I know this guy mentioned an Oscilloscope and they as we all know are really cool but remember he doesn't necessarily know what he wants and is explicitly admitting this in the question if a simple logic analyser is what the job needs then we should not get stuck up on his original request but suggest the most appropriate tool for the job.
Not got one handy as any one got a pi taking over SPI to something? Stick a scope on it and see what the clock rate is ... I bet it's much much slower than the maximum!
Hi John,
From what I can tell, the processor peripheral goes to a very high speed (125MHz according to the BCM peripherals doc that was published), but the Linux driver may limit it (no idea) and then there is the general rule that any signal above 30MHz should always send warning alarms if it is apparent that they are constructed without care over routing those signals. I assumed no care was taken, because it routes to a typical DIL header, and no transmission line. (In a similar vein, any plastic breadboard design would be worriesome if designed for 30MHz+).

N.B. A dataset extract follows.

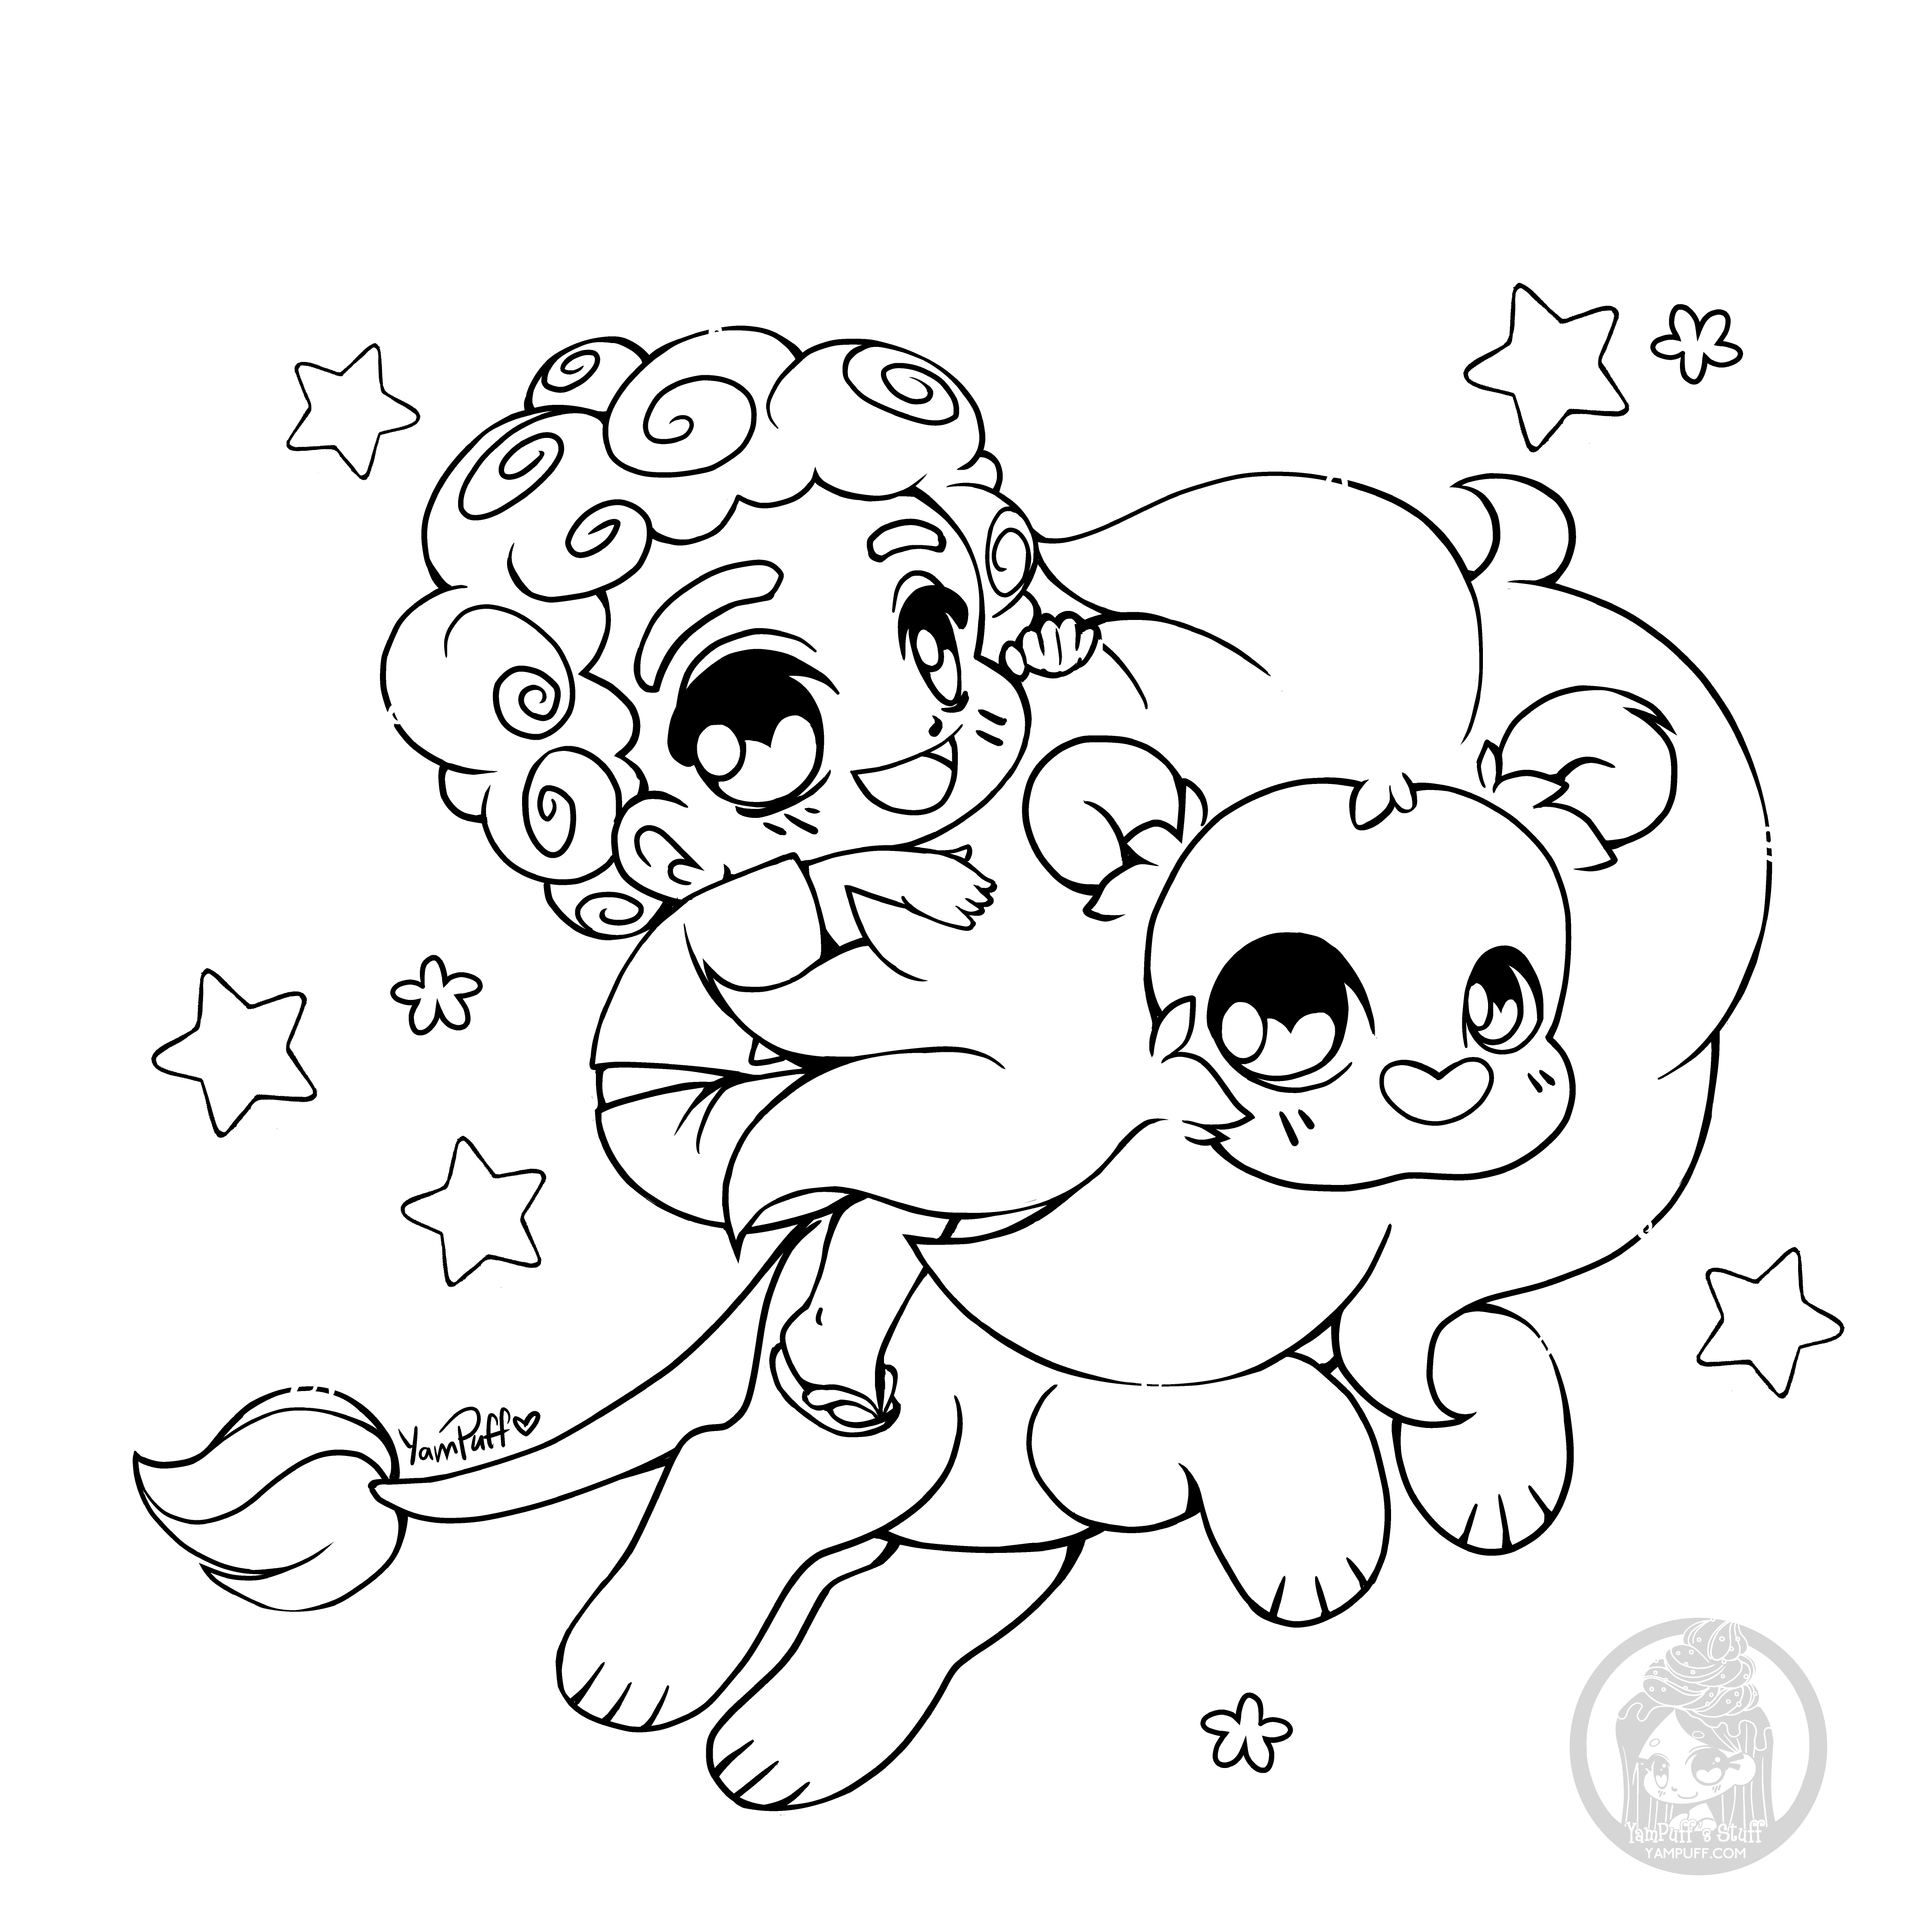 Fanart   Free Chibi Colouring Pages • YamPuff's Stuff   Coloring Home

With that guesstimate in mind, I nevertheless tested at 32MHz SPI clock (square wave, so needs more bandwidth than 32MHz for a nice shape) when I connected it to the XMOS startKIT board quite a while back. I don't have signal traces though : ( And perhaps there could be bit errors and unreliability. It might not be a very nice waveform. Probably higher values could be tried with experimentation (and attempts at minimising reflections), but going above 32MHz clock may not be very sensible without a lot of testing.
For the SPI communication bursts over a short length ribbon cable between the RPI and XMOS board, 32MHz 'worked' (i.e. it might not be reliable at all over a longer period, or some changing conditions, and a lower value may be more prudent - but it was so long ago, I only have screenshots of the logic analyzer capture from that time, I don't seem to have scope captures from then.

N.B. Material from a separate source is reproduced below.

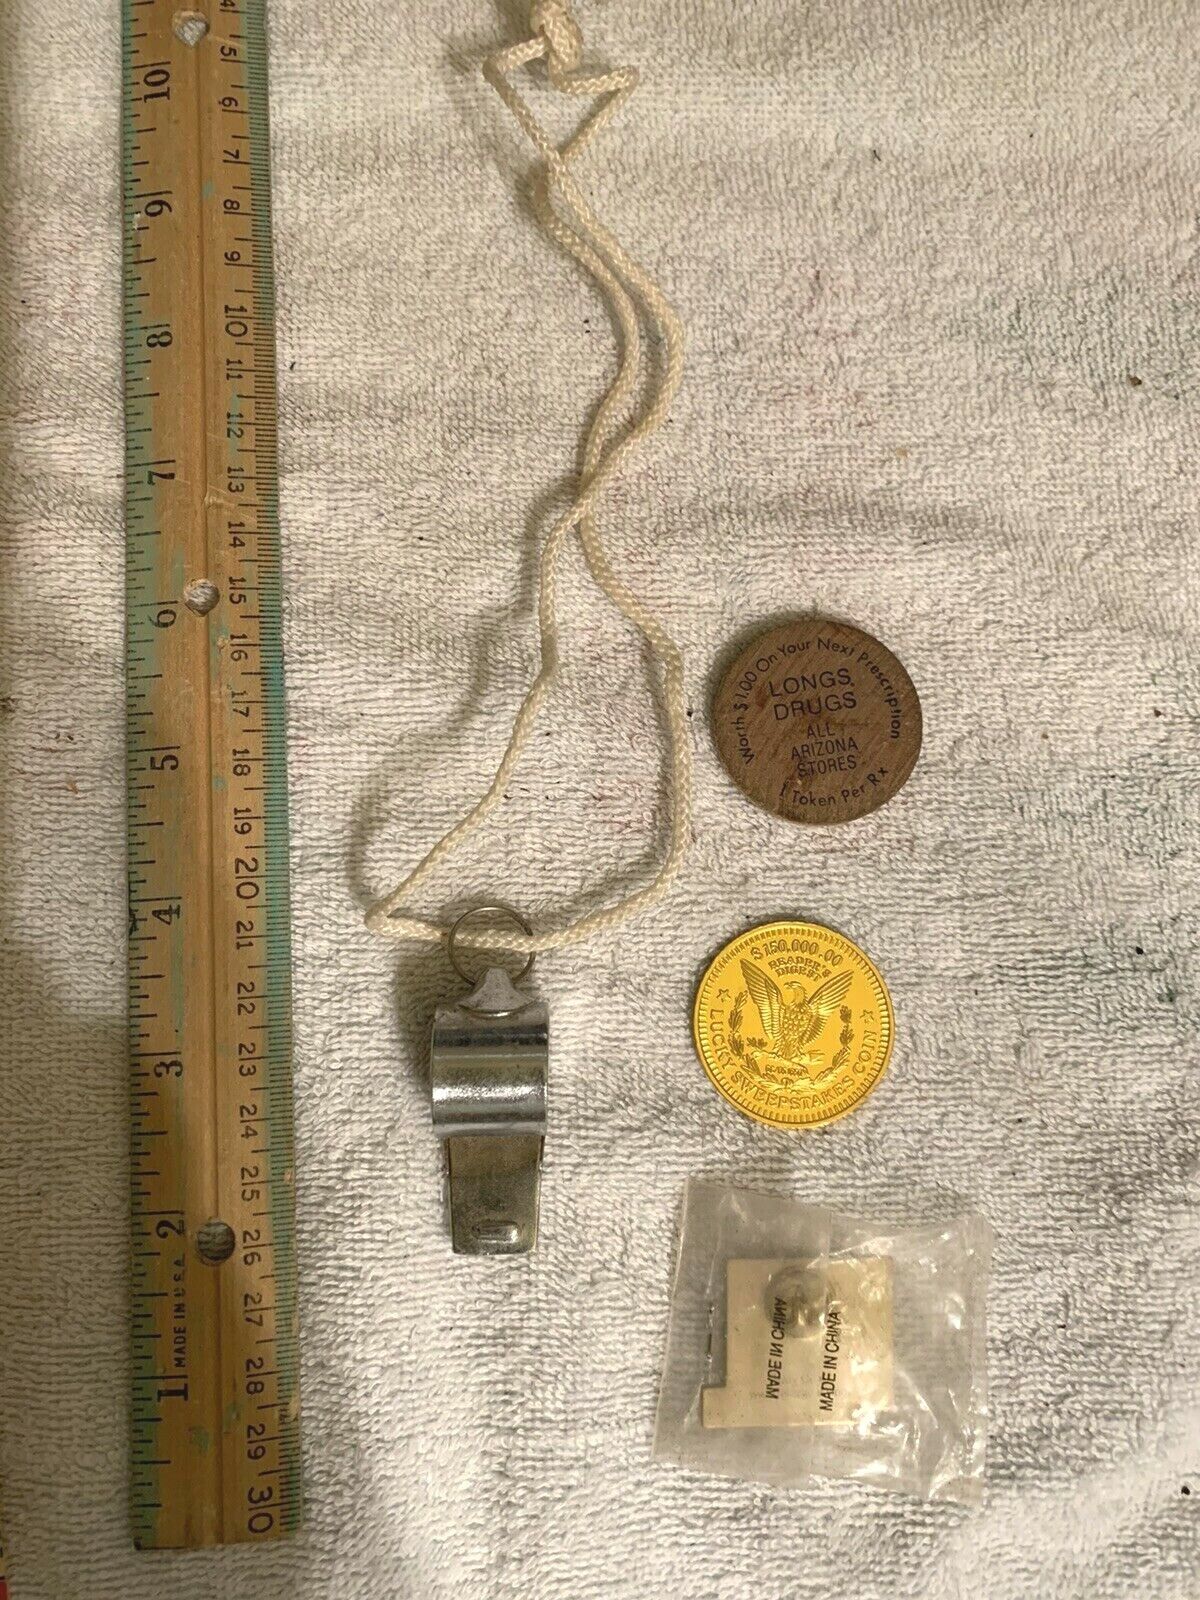 Whistle Readers Digest Coin Long’s Wooden Nickel And Caregiver Pin vintage

I am a retired electrical engineer and HAM radio operator, so a good scope and a Rigol DSA815 spectrum analyzer/tracking generator lets me design and build circuits in digital and RF. I am old and the mortgage is paid off, so nice toys can be done. I think the person asking the question is new to this and would do well to start with a low cost logic analyzer. I got one for less than $100 on eBay that does 24 channels of digital and can decode serial buses (amazing at that price!). I started electronics when I was 13 (1960) with vacuum tubes and 10 MHz scope and VTVM. It has been a wild ride and cheaper now than then! Best wishes, Doug
The device I'm talking to is a 320x240 tft screen It's 16bit color so 2 transfers per pixel And I'm looking to get at least 30 frames a second So that's 76800 pixels plus a few front and back porch transfers hsync vsync etc So I'll call it 180000180000 transfers to get a little wiggle room So times 30 5.4million transfers a second 8 bits per transfer so 43.2million clock cycles per second I don't know what kind of delay there is between transfers So it seems like I need at least 50Mhz So from what I'm hearing I need 100Mhz scope/logic analyzer If anyone has anything variables I'm not taking into account let me know
Also wow what an amazing community. I've never been to a more active and helpful forum.
The screen is not fully refreshed each time. So figure on half that average rate.